Your Credit Score Explained

But first why bother? Why would you want to increase your credit score? Well for a lot of people the availability of credit is important. It helps buy homes, buy cars to help your family travel and in lots of cases provide a way to earn money or points whilst spending via credit cards. I’m not advocating having loads of credit but if you need to apply for credit, having a strong credit score is important.

If you’ve ever been declined for credit it’s pretty embarrassing! So reading this will help you improve your credit score and increase your confidence with what to do and when.

Your Credit Score Explained

How does a credit score work?

The interesting thing is that each company calculates your credit score differently. This is based on how much risk they are prepared to accept and how much profit they can make from you! They will look at your credit history based on their own analysis and give you a score. So the better your credit score, the more likely you are to get accepted and also for some products like unsecured loans, get preferential interest rates and terms. This is because a credit score is like predicting the future. How likely you are to repay the amount borrowed. A high credit score would indicate you are a ‘safe bet.’

How is your credit score calculated?

It’s a combination of a few different things:

  • What’s on your credit file
  • Your credit history with the company you’re applying to
  • What’s on the application form

Your credit score also takes into account things like:

  • The amount of existing credit available, how much of your credit you’re using
  • Your payment history,
  • How you use your bank account
  • Your payment history for utility bills.

Lenders use credit reports to confirm whether you are likely to repay the debt so don’t owe more than you can already afford to repay. Each item on your credit file and application form is given a value and then your credit score is calculated. The higher your score, the better the chance you will be accepted.

A great credit score will in turn put money in your back pocket.

What is my credit score?

Find out what your current credit rating actually is. There are a number of companies you can use to do this. Most either offer a free trial or give access free of charge.

My favourite are Money Saving Expert Creditclub and Clearscore. They are both 100% Free and provide you with some fabulous tips to get your credit score looking fit and healthy.

Money Saving Credit Club

According to the Money Saving Expert Credit Club, mine is looking pretty healthy right now. But if I wanted to apply for a remortgage to review my mortgage rates or change my credit card provider it tells me instantly my chances of who is likely (no guarantee) to say yes! I also completed a mini ‘wallet workout’ with a computer bot and after answering a few simple questions in under 30 seconds, it recommended to me that an AMEX Platinum everyday credit card would be a good choice for me and I had a 95% chance of being accepted. I am not looking at applying for a new card right now not what a nifty tool from Martin Lewis’ team! It is run in association with Experian.

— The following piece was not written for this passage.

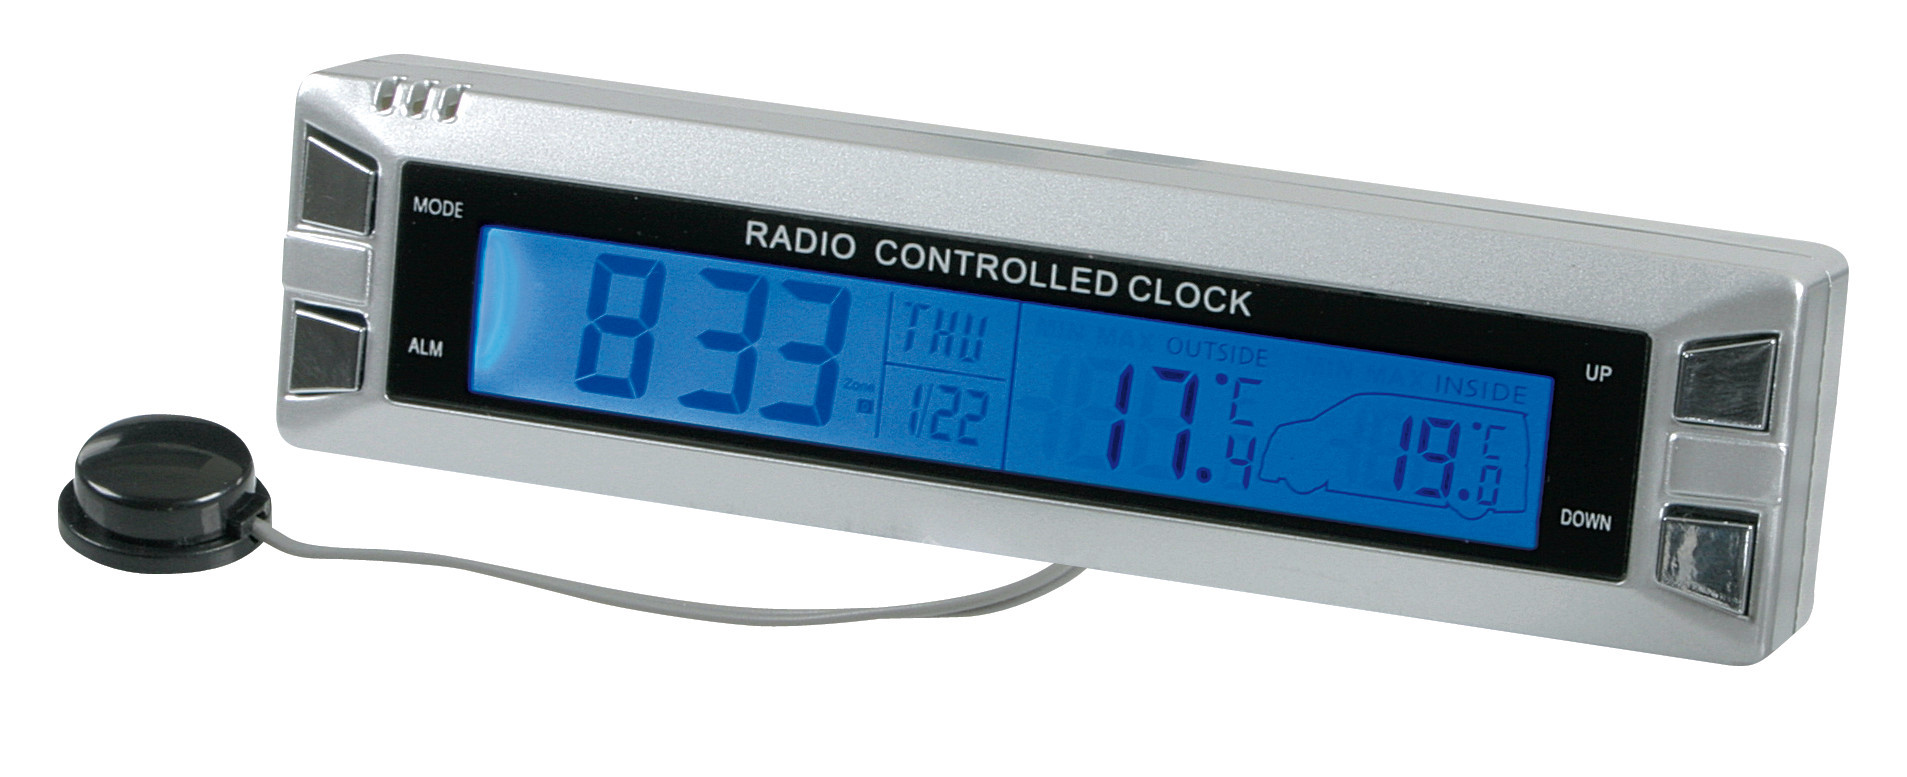 Seyio R-30 külső -belső hőmérő, óra , rádió kontroll 12/24V thumb

Clearscore for me is another really simple way to check the healthiness of your credit rating. It is powered by Equifax, although are shortly to be acquired by Experian. Firstly, it has an app which I love because I live by my iPhone! It was easy to enter my personal details and seemed very personal. It gives me an overview of:

  • Average credit score in my area
  • My own personal score
  • The UK average

I can see month by month, what has changed on my credit file (Which is great to help prevent fraud) and gives me a list of things I am doing well and things to work on!

It has a nifty ‘To do List” with some simple personalised bite sized tasks to complete with links to some great articles to read to improve my score.

Why you should keep an eye on your credit rating?

To my surprise, it highlighted to me a few accounts I had forgotten about! I opened a Santander current account in 2001 and it was sitting there with no money and no activity. I don’t like to keep dormant current accounts open so I contacted Santander (it gave me which previous address it was stored under and the last few digits of the account number).